Oh, Lisa! How I needed your words today. Not because today is any more competitive in nature than in other day for me. It’s just that this seems to be a perpetual problem for me. So many of your words resonated with me – other people’s platforms, ministries, and messages seeming so much more powerful, more compelling; my own seeming so shallow and hollow.
But I do think God and I have been working on this lately and I’ve made some progress. I feel more determined than ever to just fulfill His assignment for me, whether I minister, as you say, to 5 or 500. And I can honestly say I am more content with that assignment than ever. Still, I need words of reminder and encouragement like yours today. Thanks for being right on!

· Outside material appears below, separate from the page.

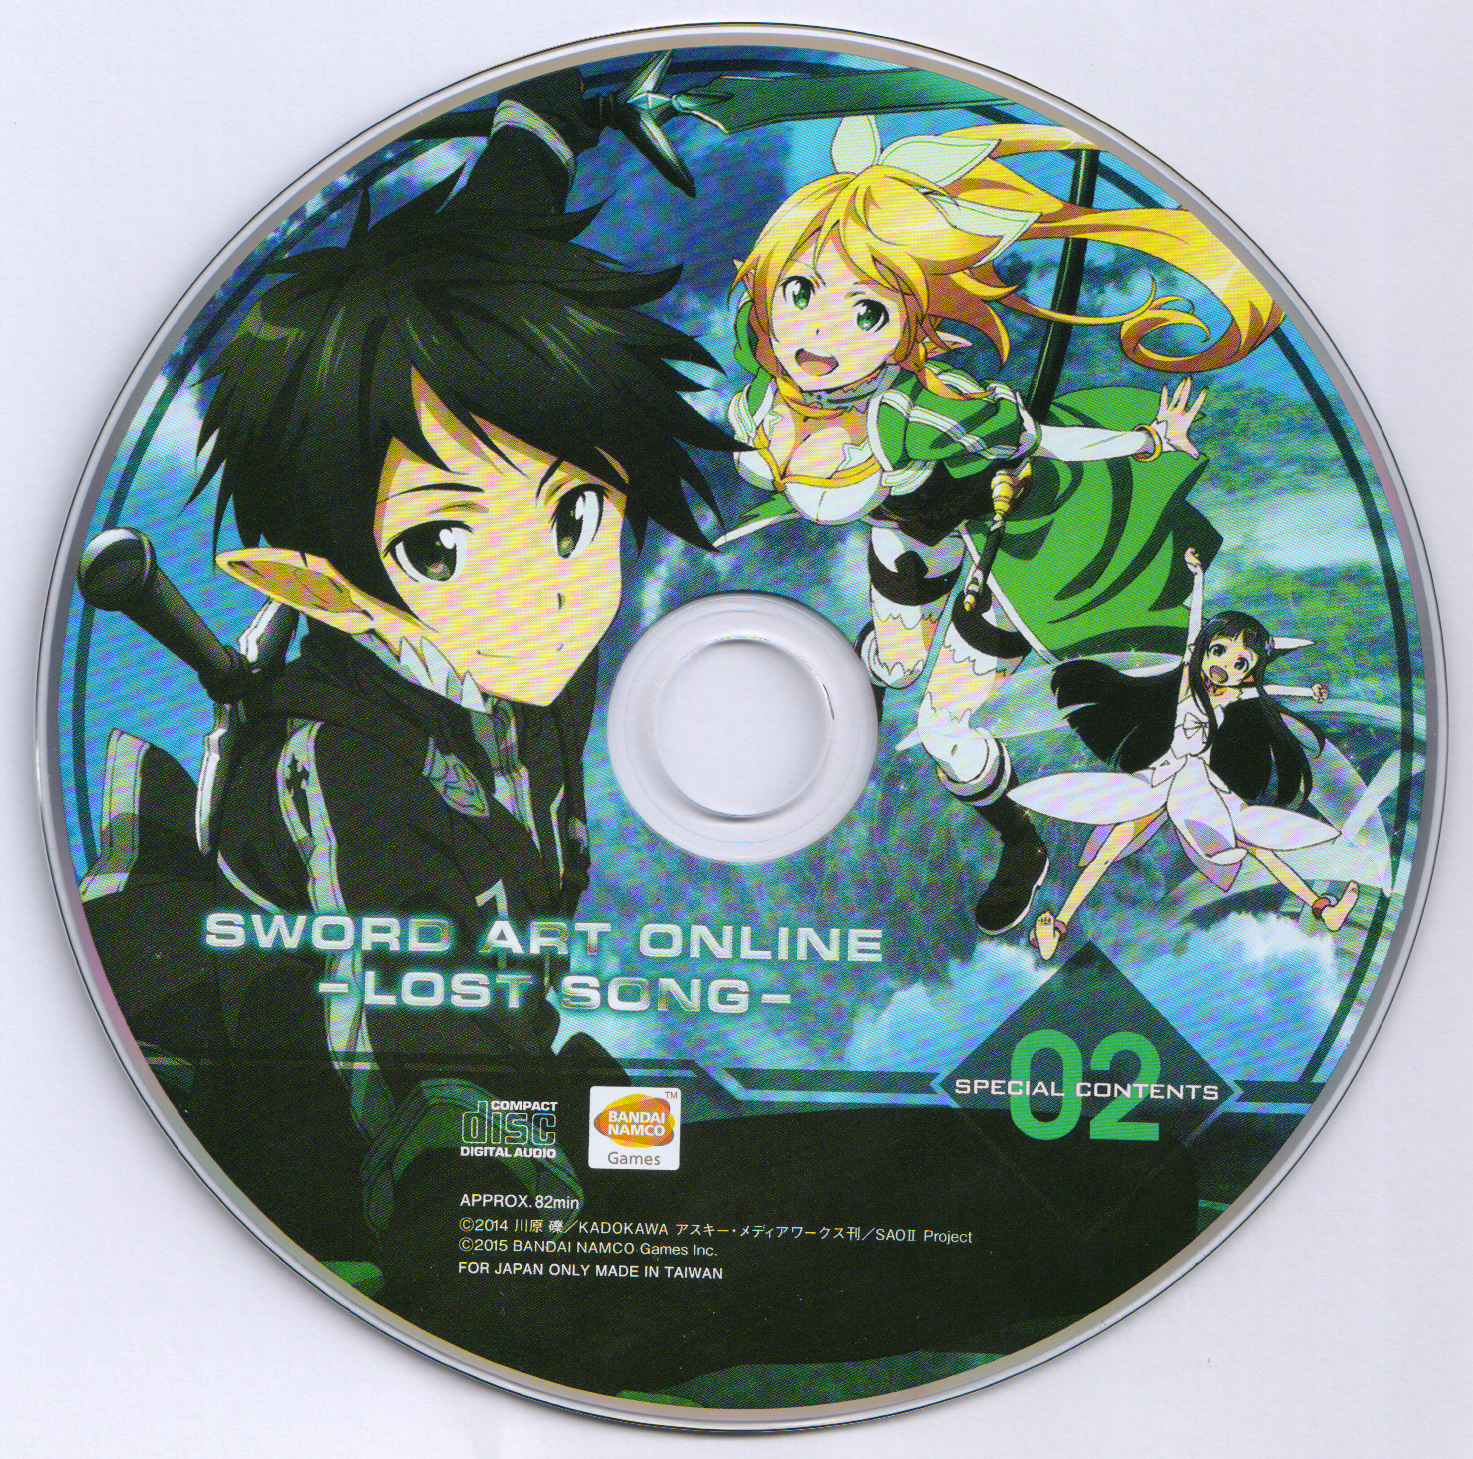 Sword Art Online II Original Soundtrack vol.2, Sword Art Online Wiki

thats awesome i love getting proverbs 31 in my email and its touched so many women you have definatly made your impact
Thanks for this. I found myself thinking negative thoughts about a girl in the locker room this morning at the gym. She always hogs the best mirror, and my crankiness was getting the best of me. This helps put things in perspective.
So true my friend. God has been reminding me of this very thing. I won’t deny admitting that tears flowed when a precious friend happened to be at the right place at the right time to see the opening of some doors…doors she hadn’t even been seeking…”my doors”…doors I had spent months, weeks, days and hours preparing for…it seemed almost cruel. Then to hear that my sister, who has never attended the conference, also had some writing opportunities presented to her while I was away. Tough stuff. Didn’t God see how I had taken so many risks and followed Him? Yet, as quickly as the enemy wanted to steal my joy the Lord reminded me of His delight in my obedience, and that regardless of the outcome He was rejoicing over me with singing. The Lord enabled me to celebrate sincerely with the others and He revealed to me that He gave me great victory as I stepped out in faith and trusted Him completely.